Diese Auffassung ist jedoch falsch. Dafür brauchen wir nur auf AIG im Jahre 2008 zurückzublicken. Als der Immobilienmarkt zusammenbrach, stand AIG auf der falschen Seite des Handels und hielt eine riesige Menge an Derivatekontrakten, die ohne die gigantischen Rettungsmaßnahmen der US-Regierung allesamt „geplatzt“ wären. Wäre die AIG-Rettung nicht erfolgt, hätten Goldman Sachs und eine ganze Reihe weiterer Leute mit einem Haufen wertloser Papiere dagestanden.

Es ist unvermeidlich, dass genau dasselbe wieder passieren wird, doch dürften die Ereignisse beim nächsten Mal ein bedeutend größeres Ausmaß erreichen.

In dem Moment, wo die „Bank gesprengt wird“, verlieren alle. Die Regierungen dieser Welt könnten dann zwar versuchen, einzuschreiten und alle zu retten, die Realität ist aber, dass, sollte der Derivatemarkt vollständig in sich zusammenbrechen, keine Regierung der Welt über genug Geld verfügt, um den Schaden wieder zu beheben.

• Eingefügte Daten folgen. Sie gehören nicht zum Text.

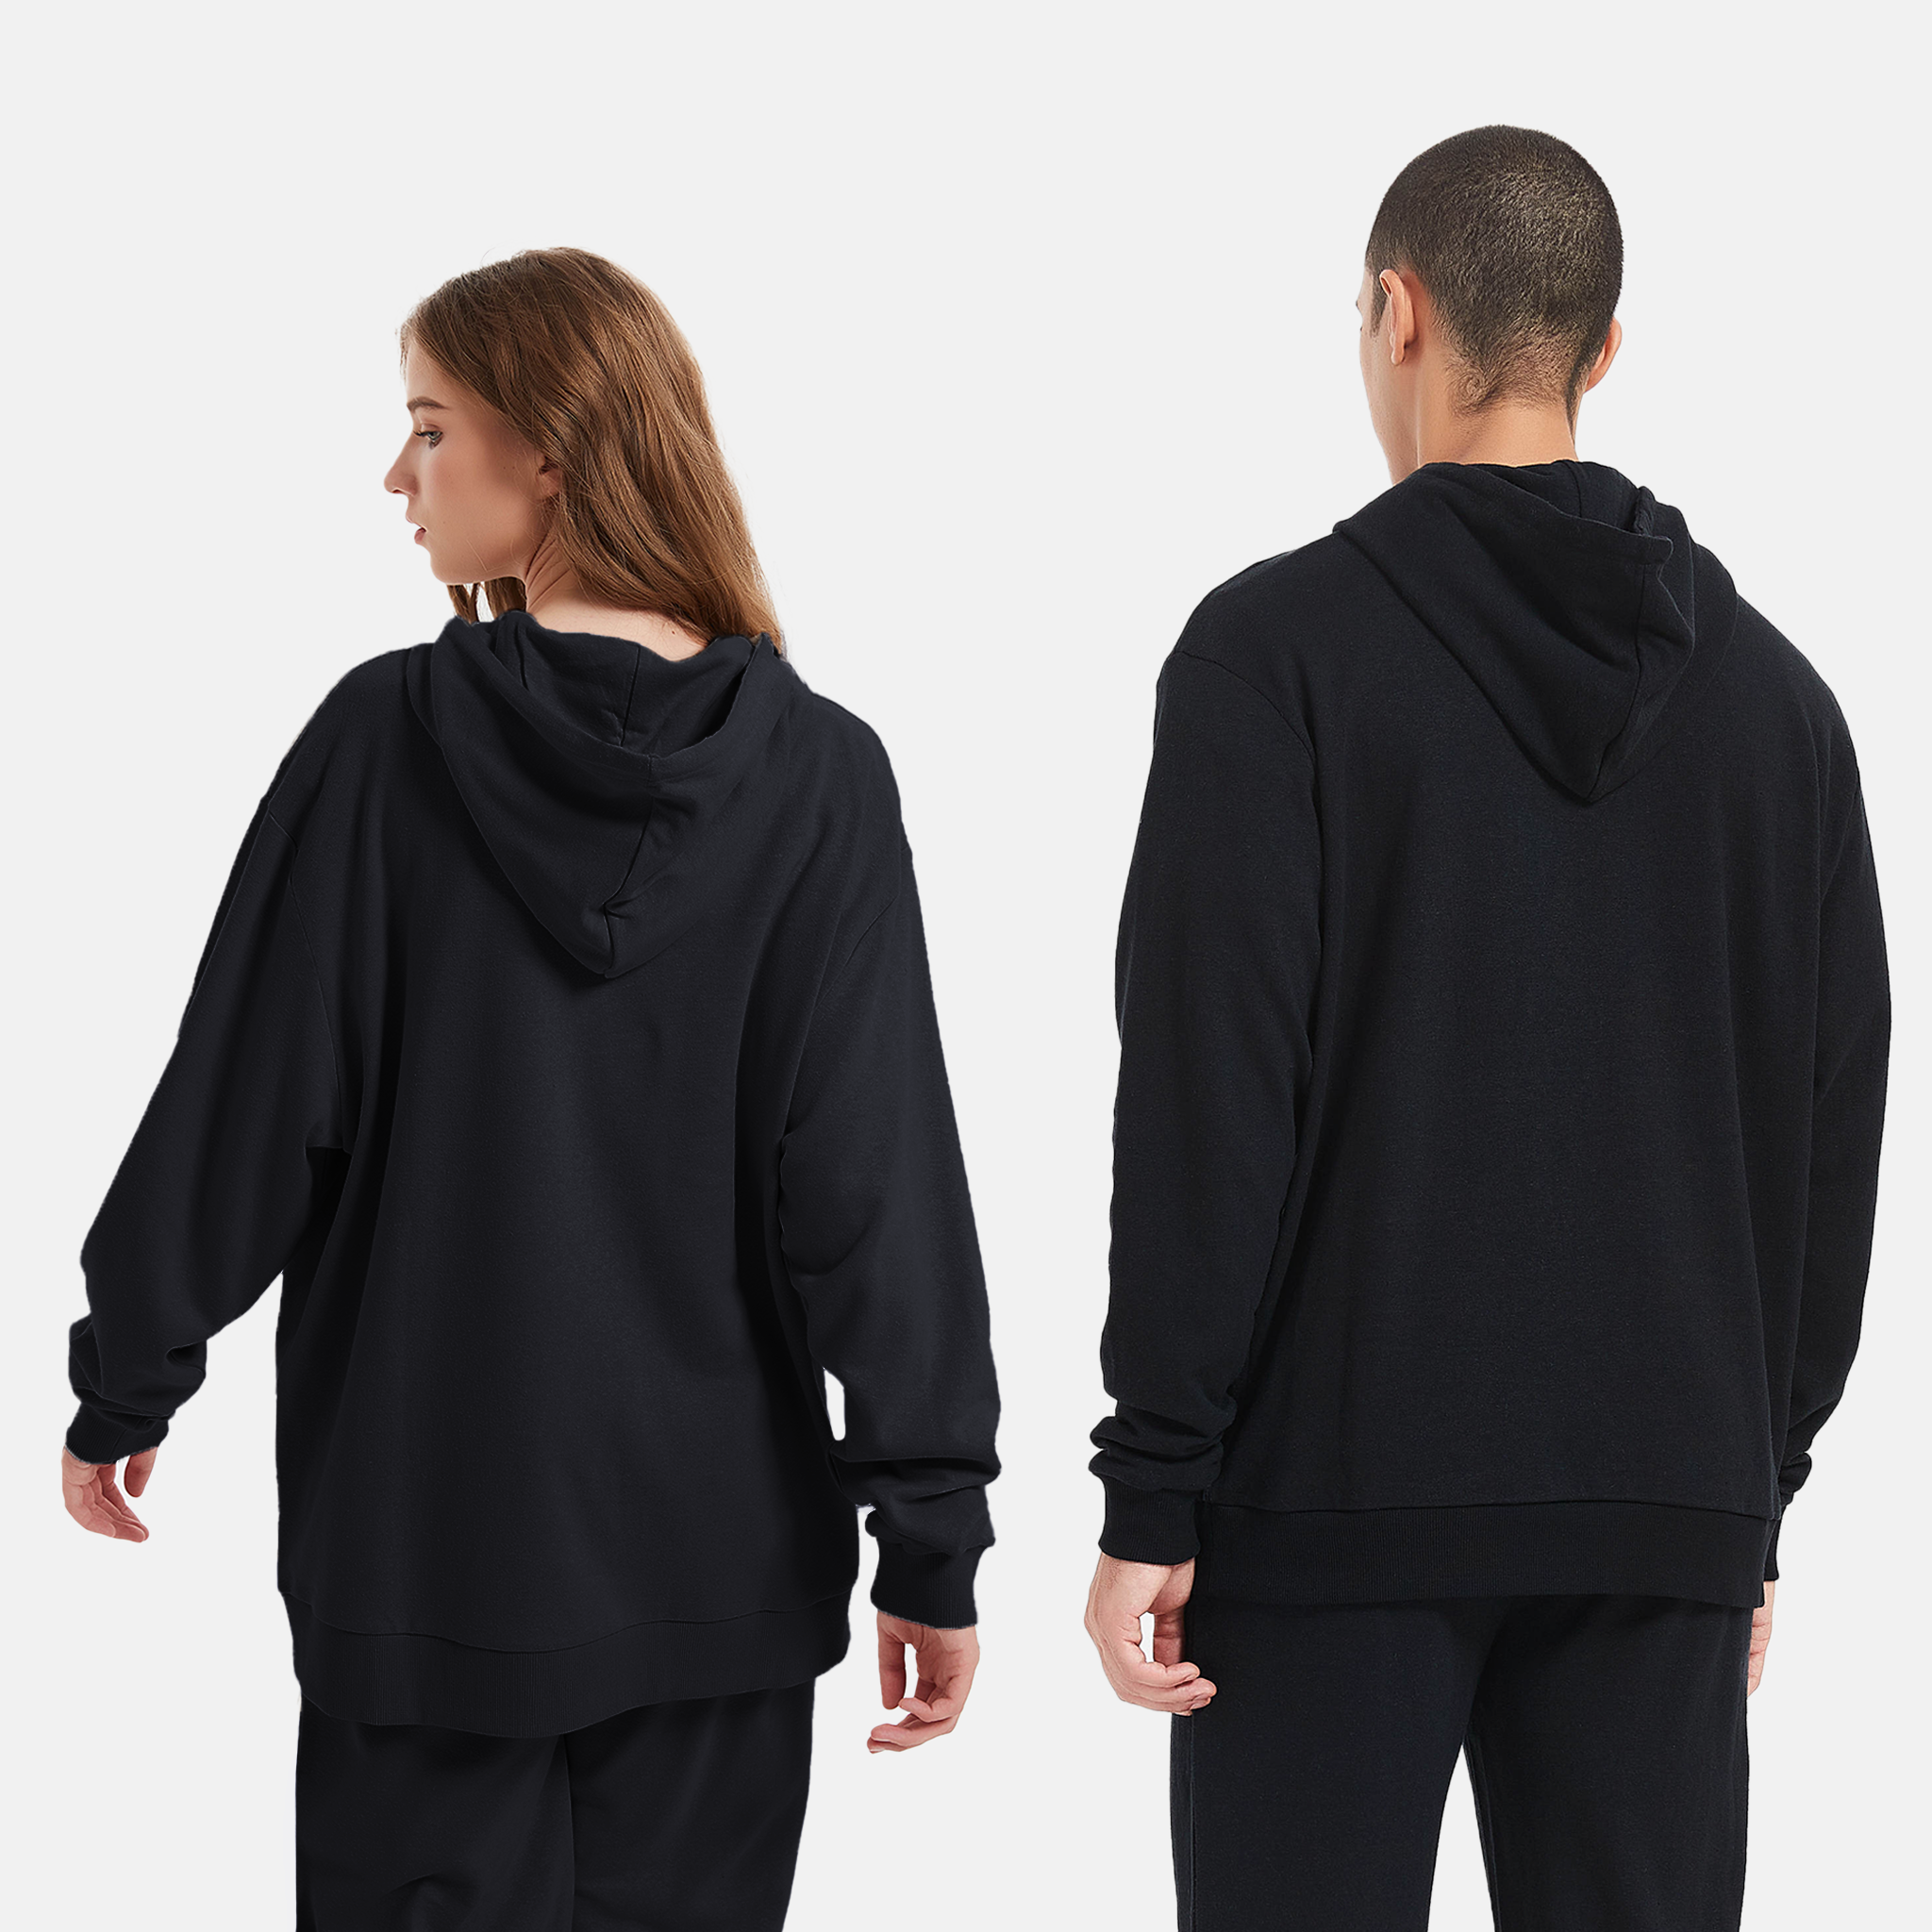 Eco-friendly black hoodie, stylish and sustainable clothing, Unisex

Hier kommt eine entsetzliche Derivate-Krise auf uns zu. Es ist nur noch eine Frage der Zeit. Wenn Sie in den Medien Wörter wie „Derivate“ oder „Derivate-Krise“ hören, sollten Sie besser aufhorchen und diese Entwicklungen aufmerksam verfolgen. Wenn die Derivate-Krise aufschlägt, wird dem ziemlich schnell eine Reihe von Zusammenbrüchen folgen.